* [Task statement] Would you retype the whole listing exactly, leaving its pictures out?

* [Supplied material]
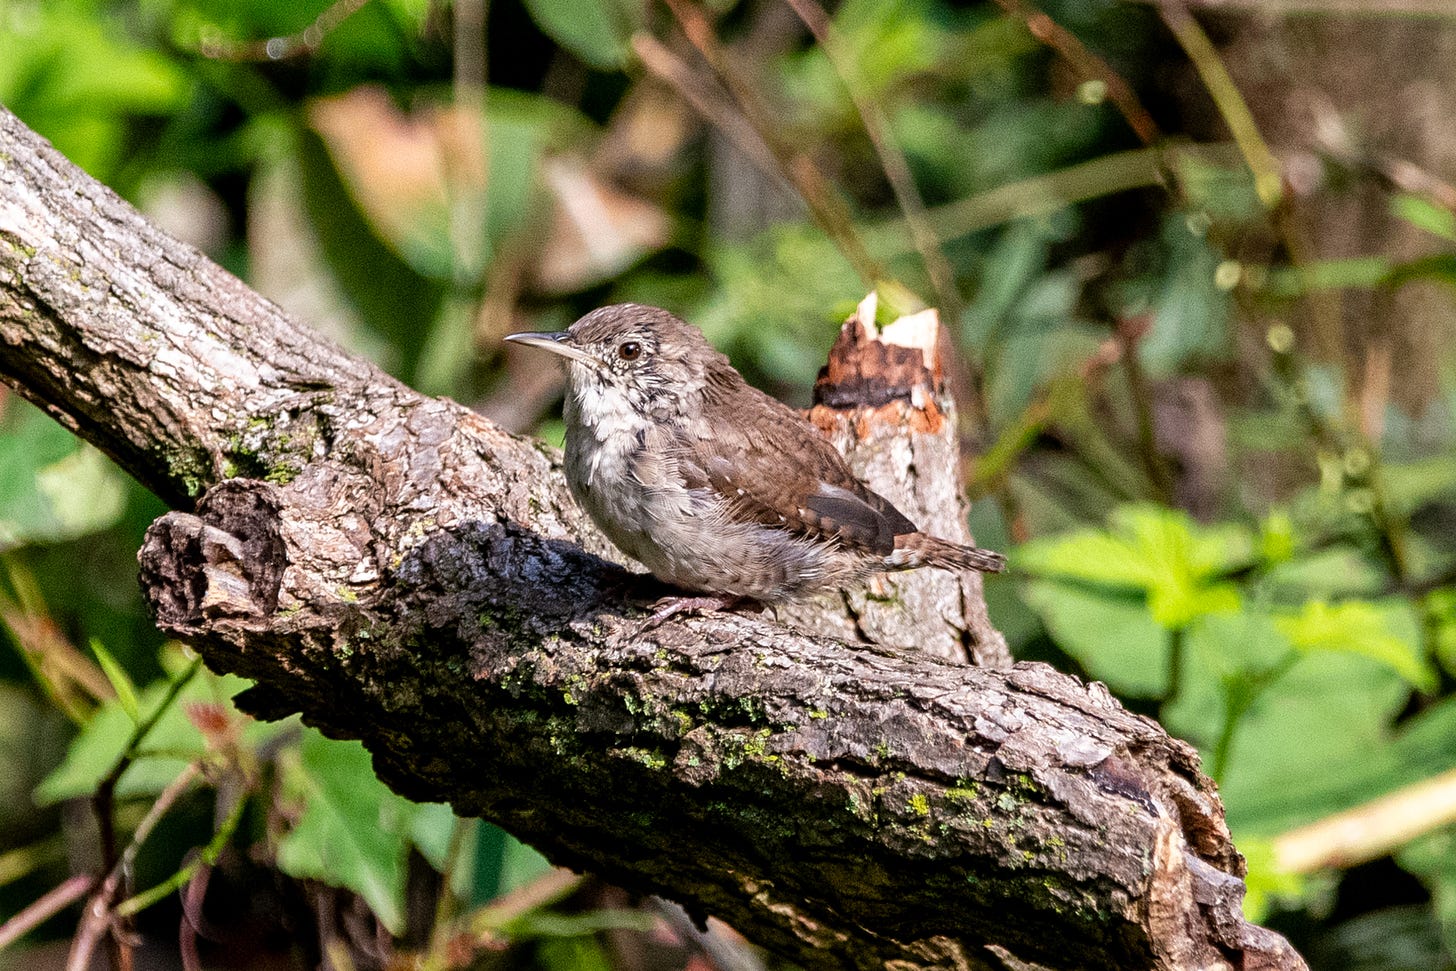 A somewhat blotchy house wren, perched on a dead branch in profile
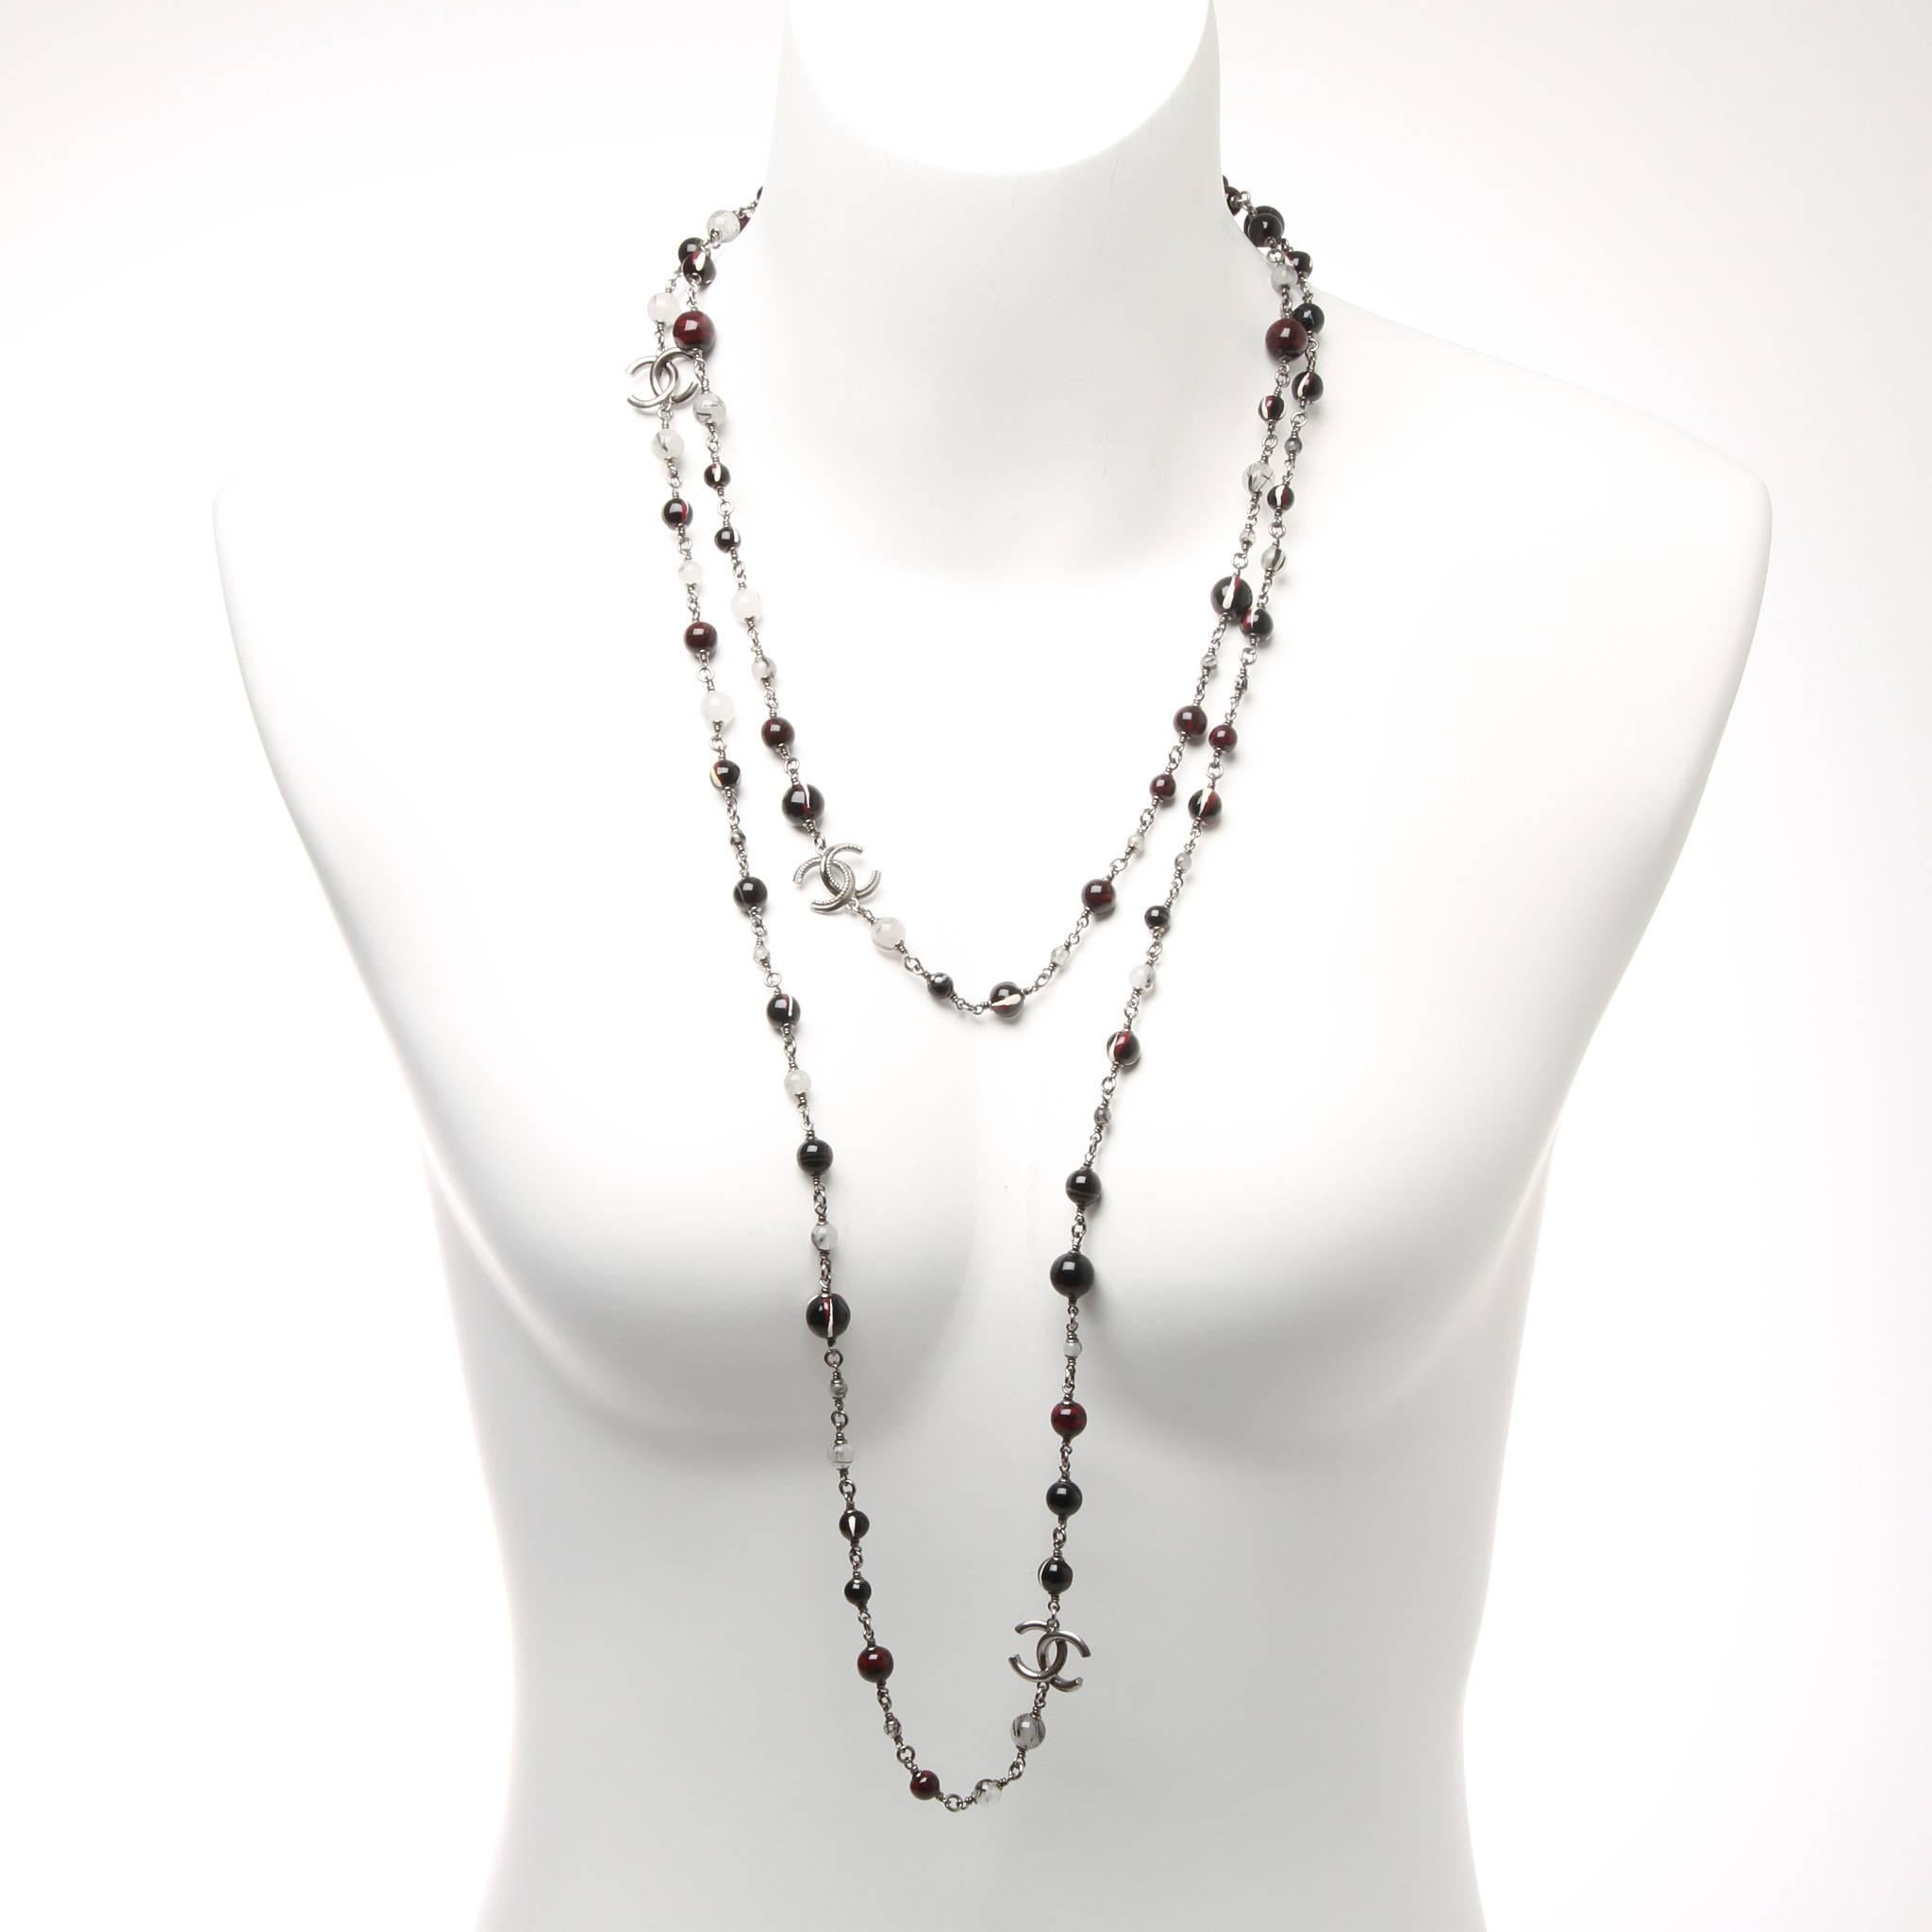 Chanel long necklace formed of black, red, white a purple marbled beads and fine silver wire. Featuring intermittent CC charms. 

Stamp 11 A
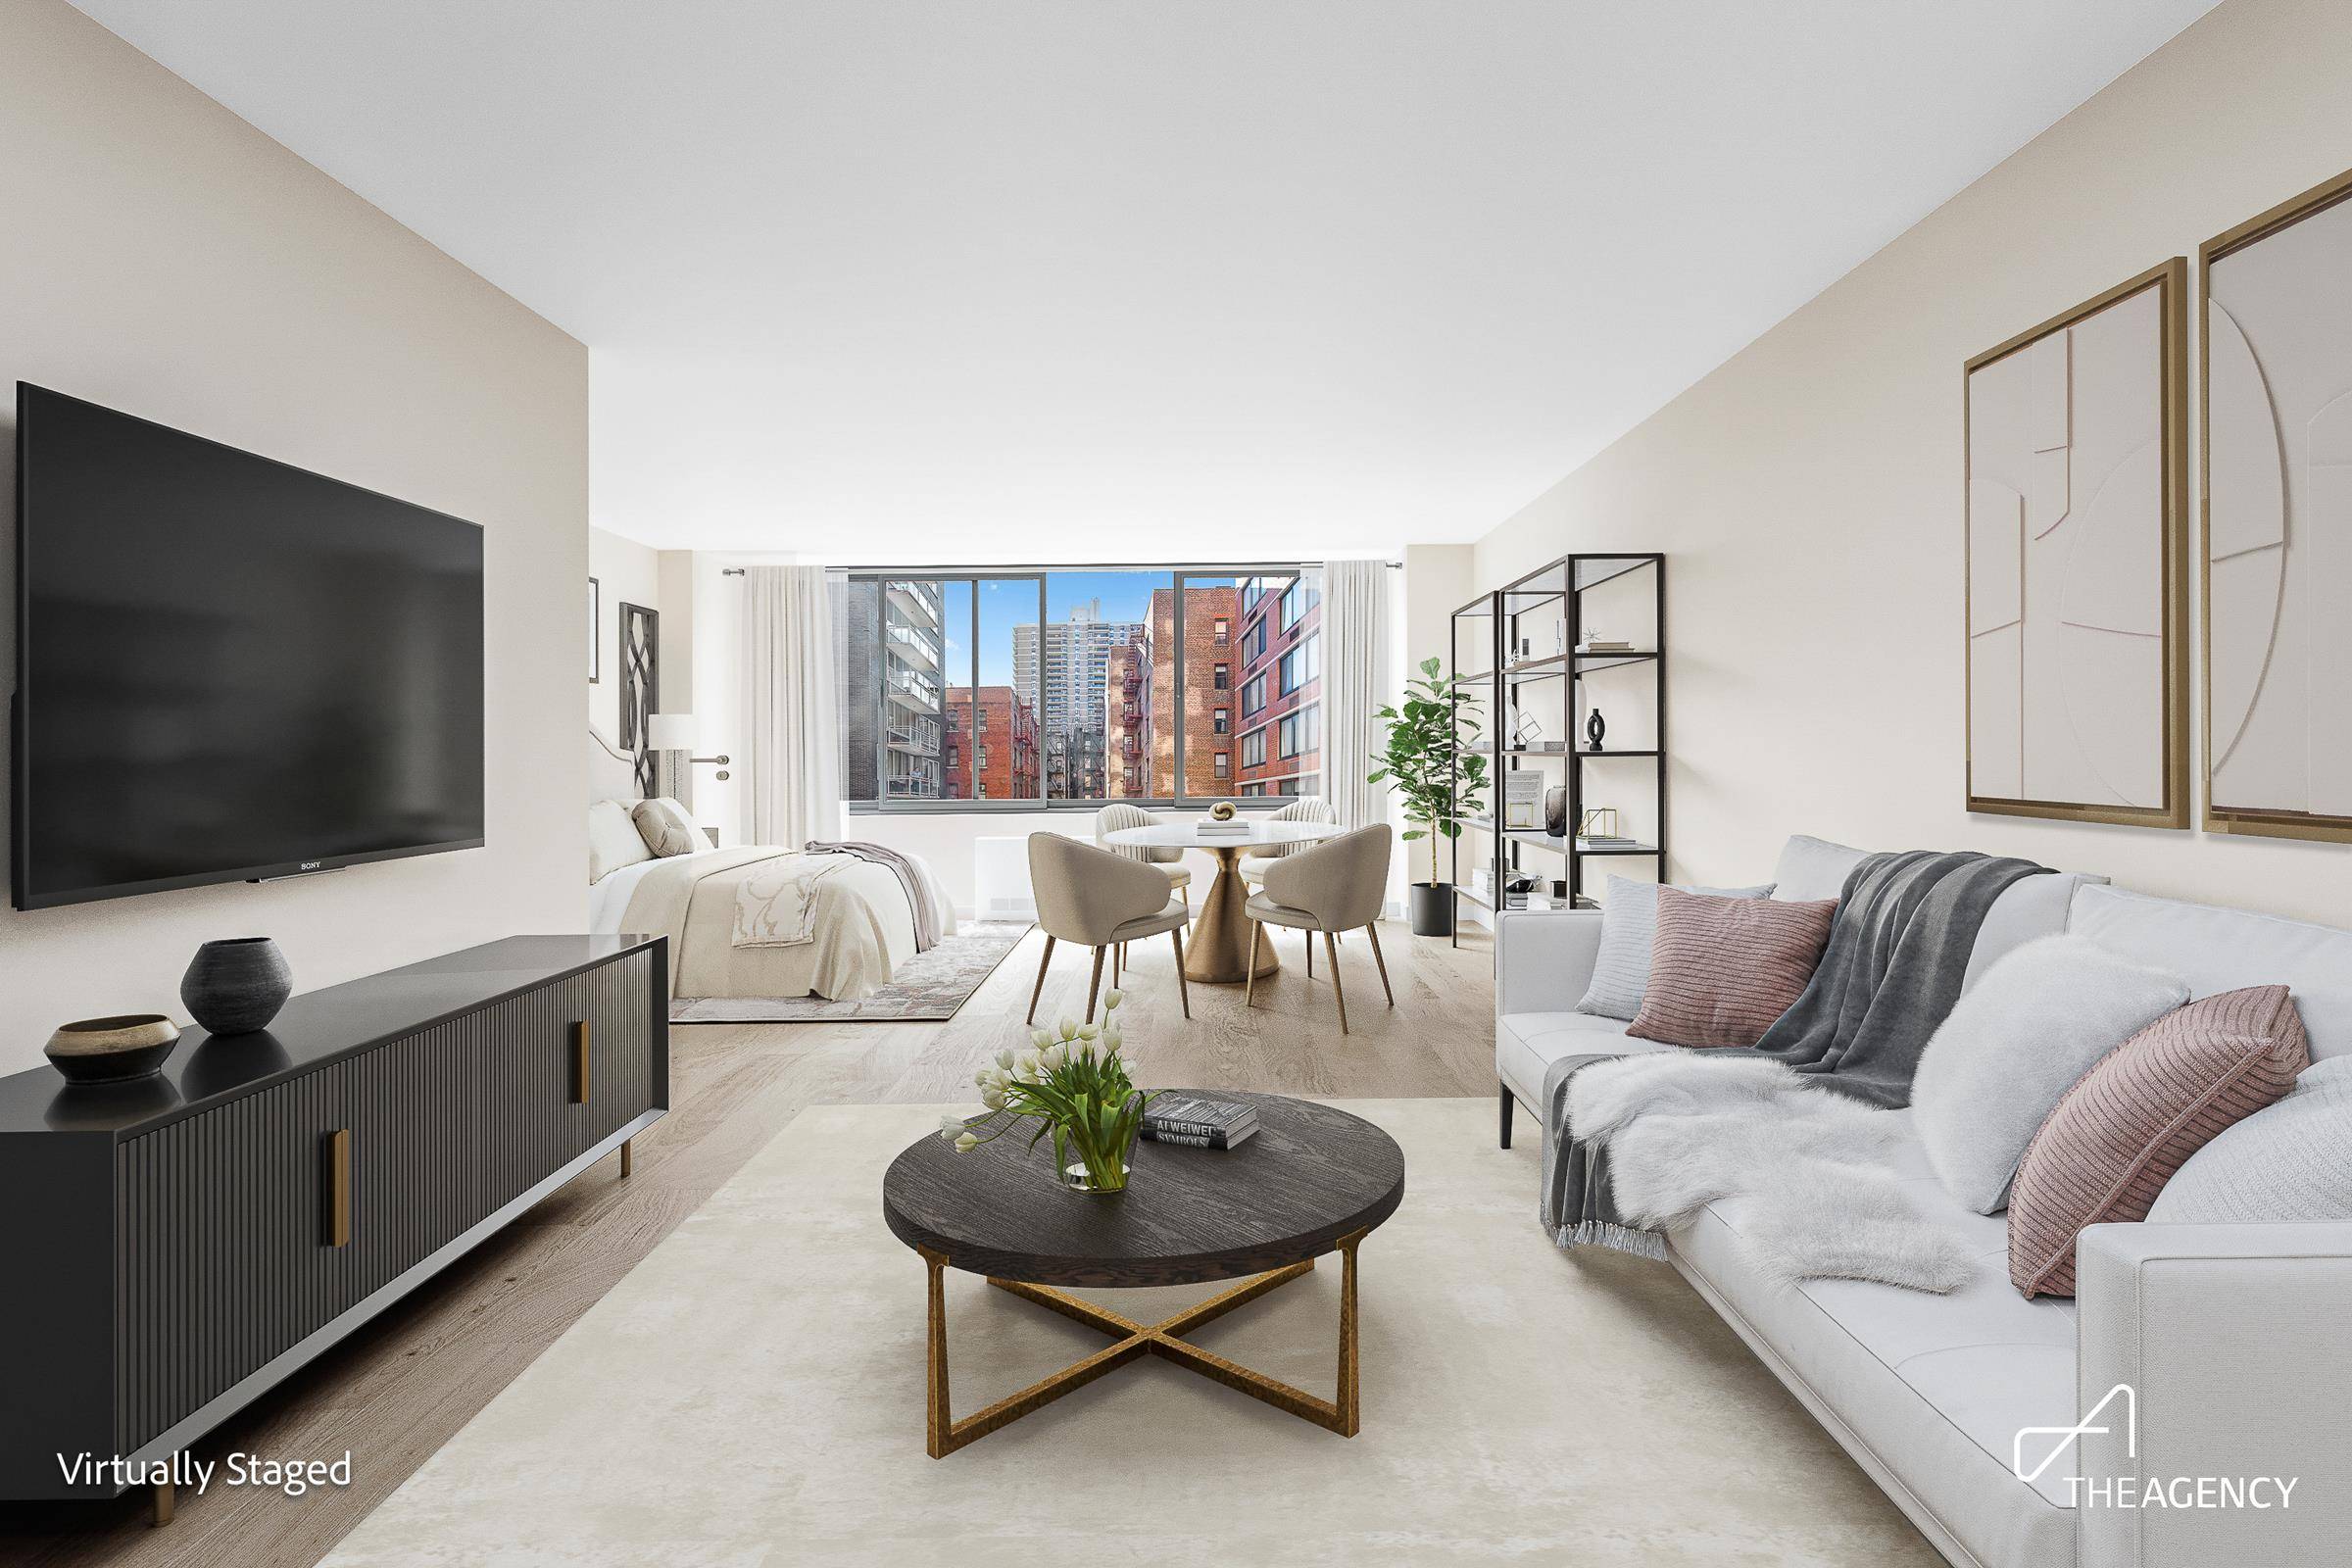 FIRST SHOWINGS ON SUNDAY, MAY 5THBright and airy studio apartment nestled in the vibrant heart of the Upper West Side.

* [Worked solution]
 A somewhat blotchy house wren, perched on a dead branch in profile
 Chanel long necklace formed of black, red, white a purple marbled beads and fine silver wire. Featuring intermittent CC charms. 

Stamp 11 A
 FIRST SHOWINGS ON SUNDAY, MAY 5THBright and airy studio apartment nestled in the vibrant heart of the Upper West Side.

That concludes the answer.